DATASET CONTENT below:
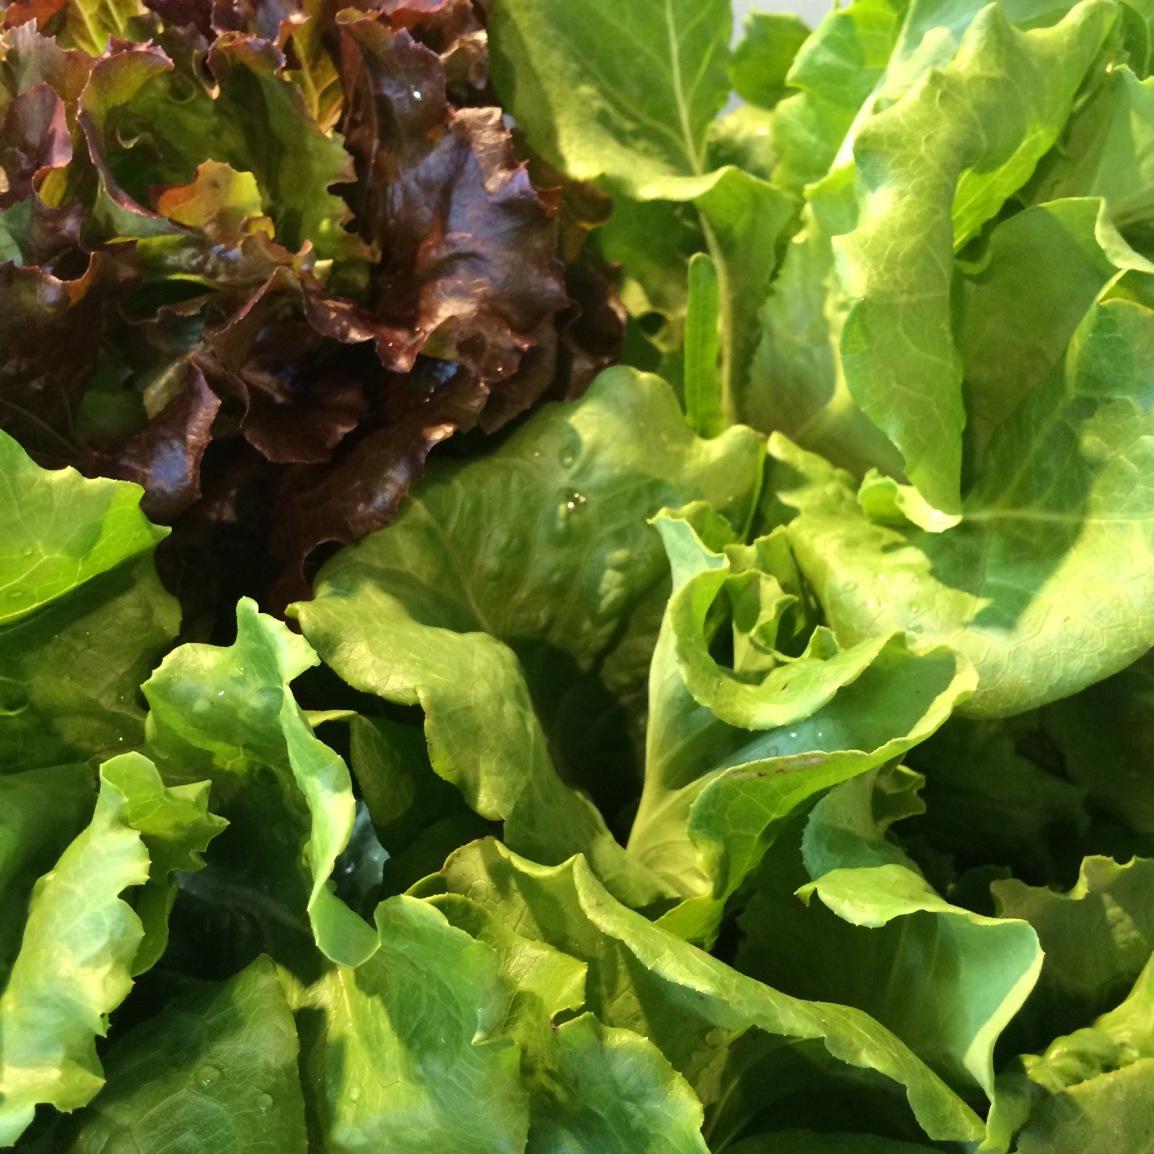 ARTfarm Salad Greens Thursday 7/29/2021, Preorders 5-6pm: Reserve your pickupslot!
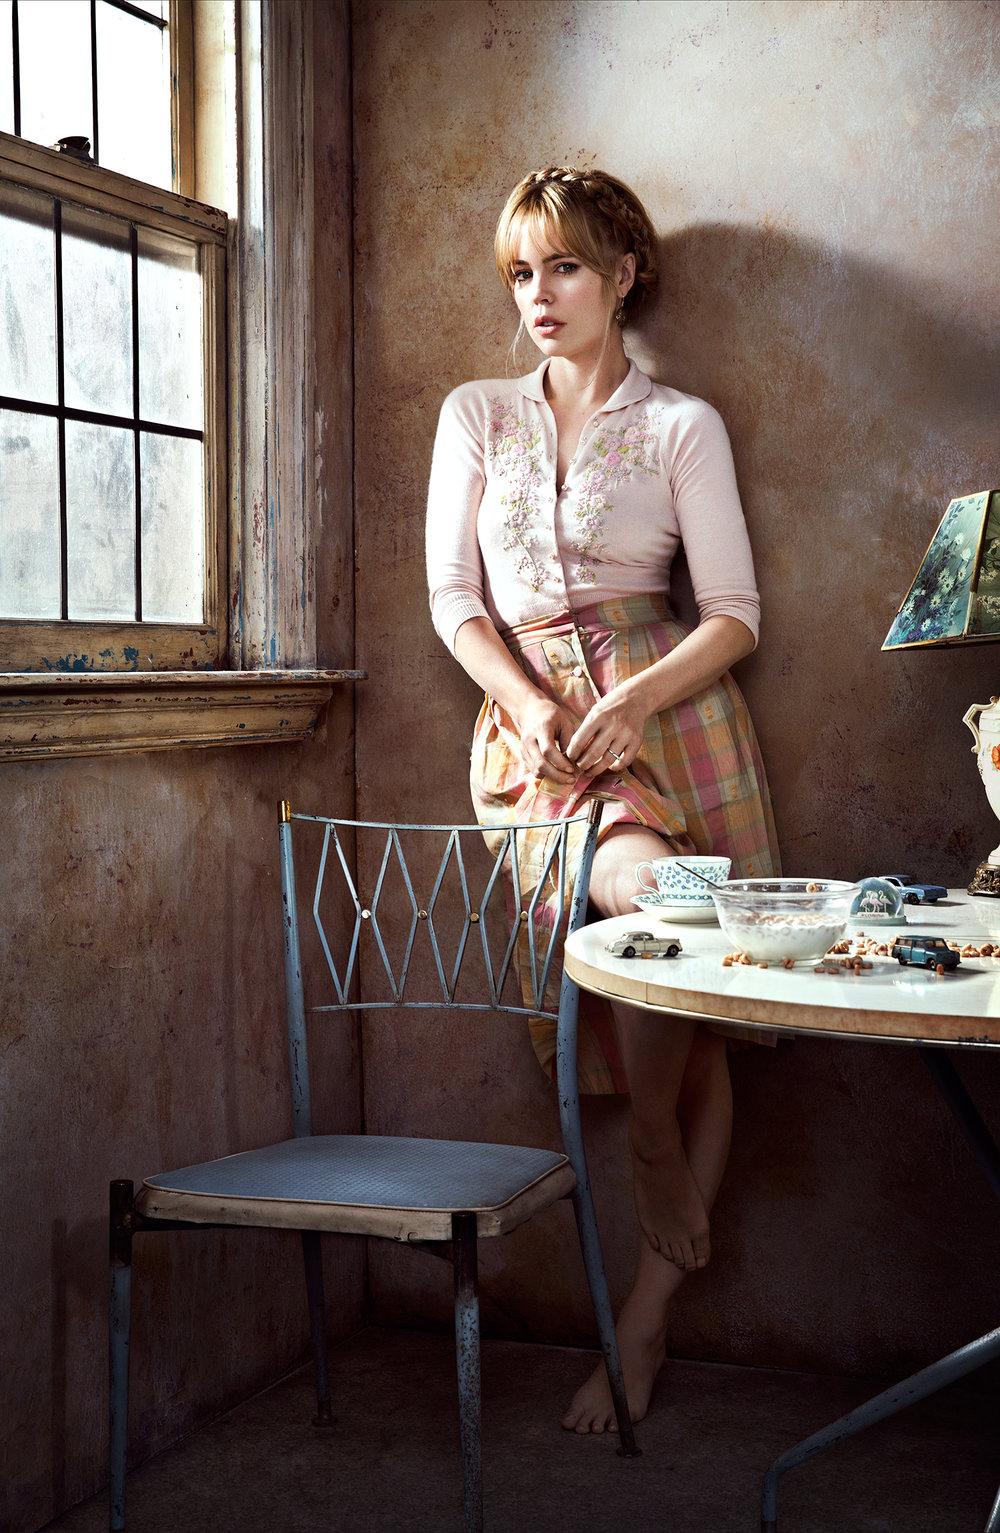 NBC - Melissa George in The Slap - Brooklyn, NY
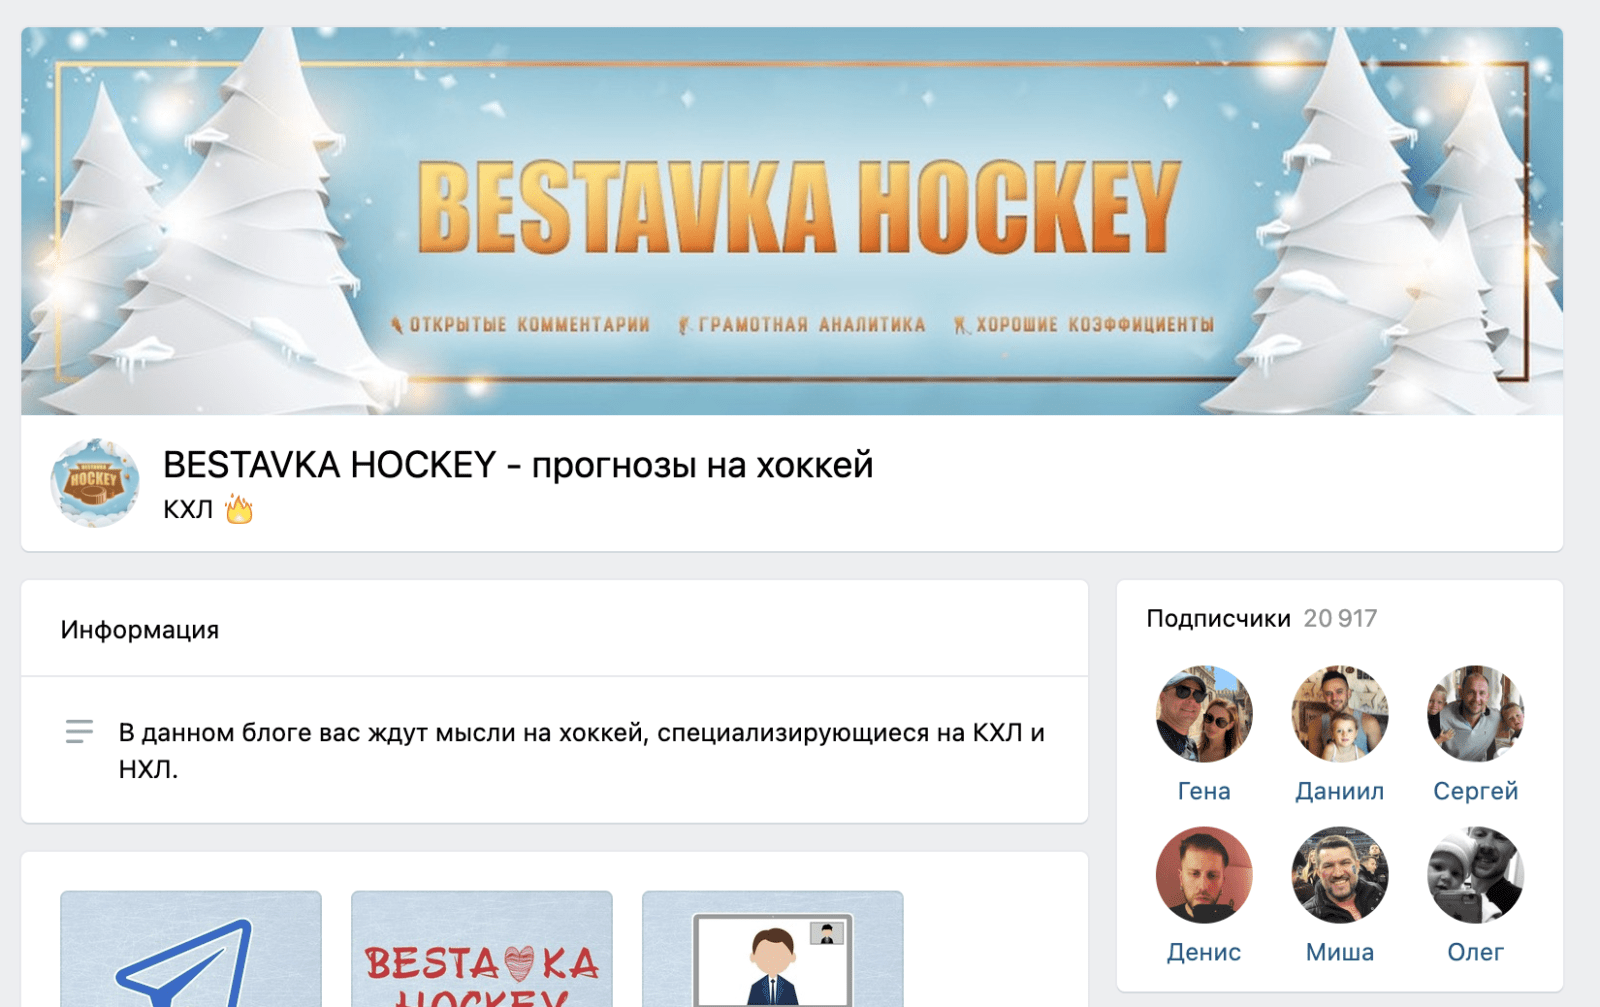 Группа ВК Bestavka hockey
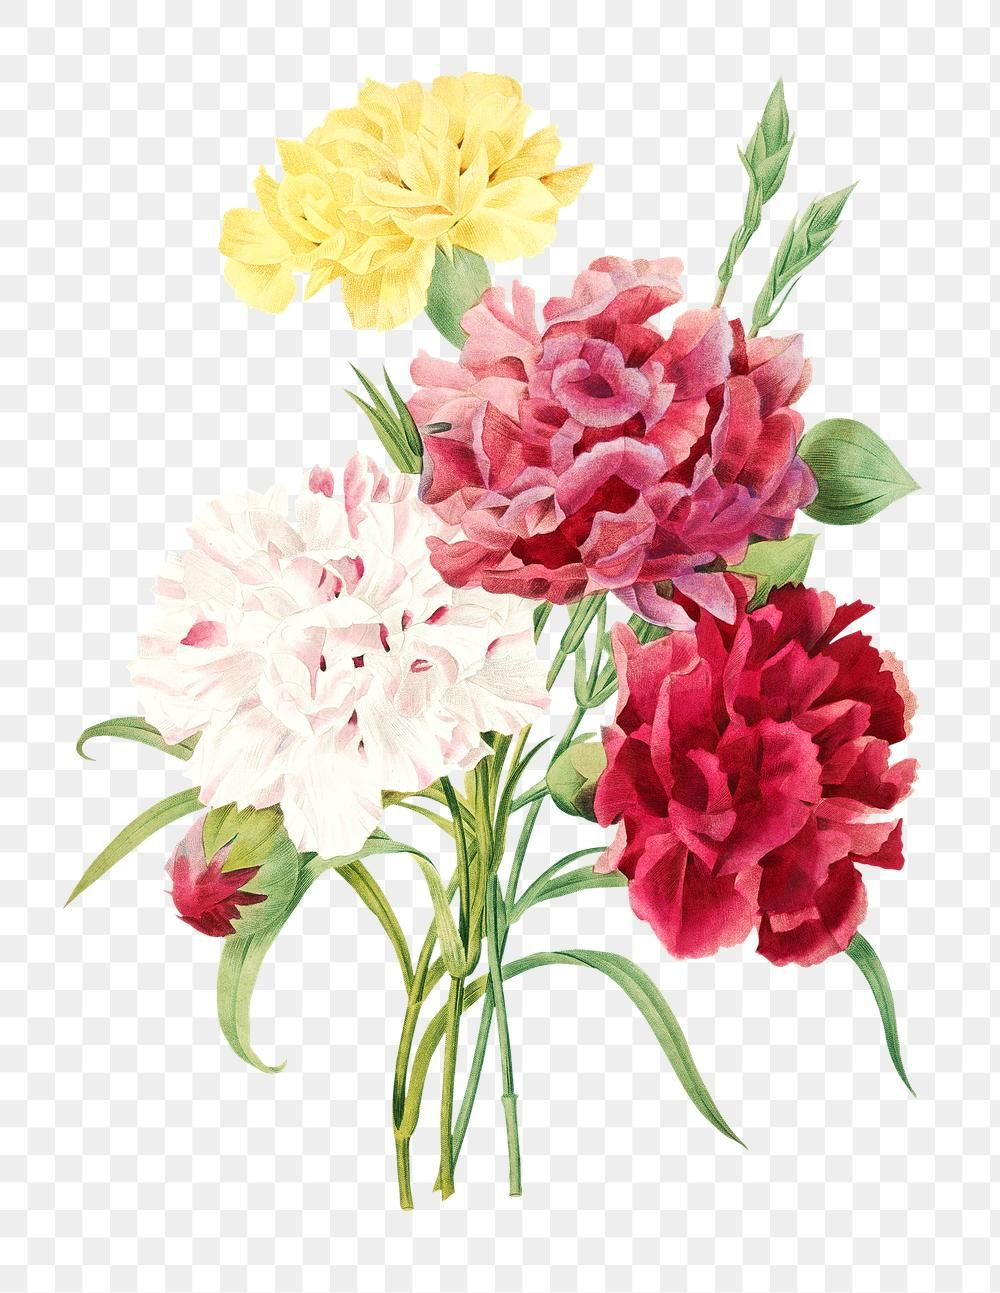 Carnation Flowers Sticker Overlay Design Element Free Image By Rawpixel Com Gade Flower Illustration Carnations Paper Texture Background Design
End of DATASET CONTENT.
→ **TASK DESCRIPTION**
For this exercise, repeat word for word only the lines from the one containing "Группа ВК Bestavka hockey" through the end of the data, including both. Pictures do not go in the copy.

→ **RESPONSE BELOW**
 Группа ВК Bestavka hockey
 Carnation Flowers Sticker Overlay Design Element Free Image By Rawpixel Com Gade Flower Illustration Carnations Paper Texture Background Design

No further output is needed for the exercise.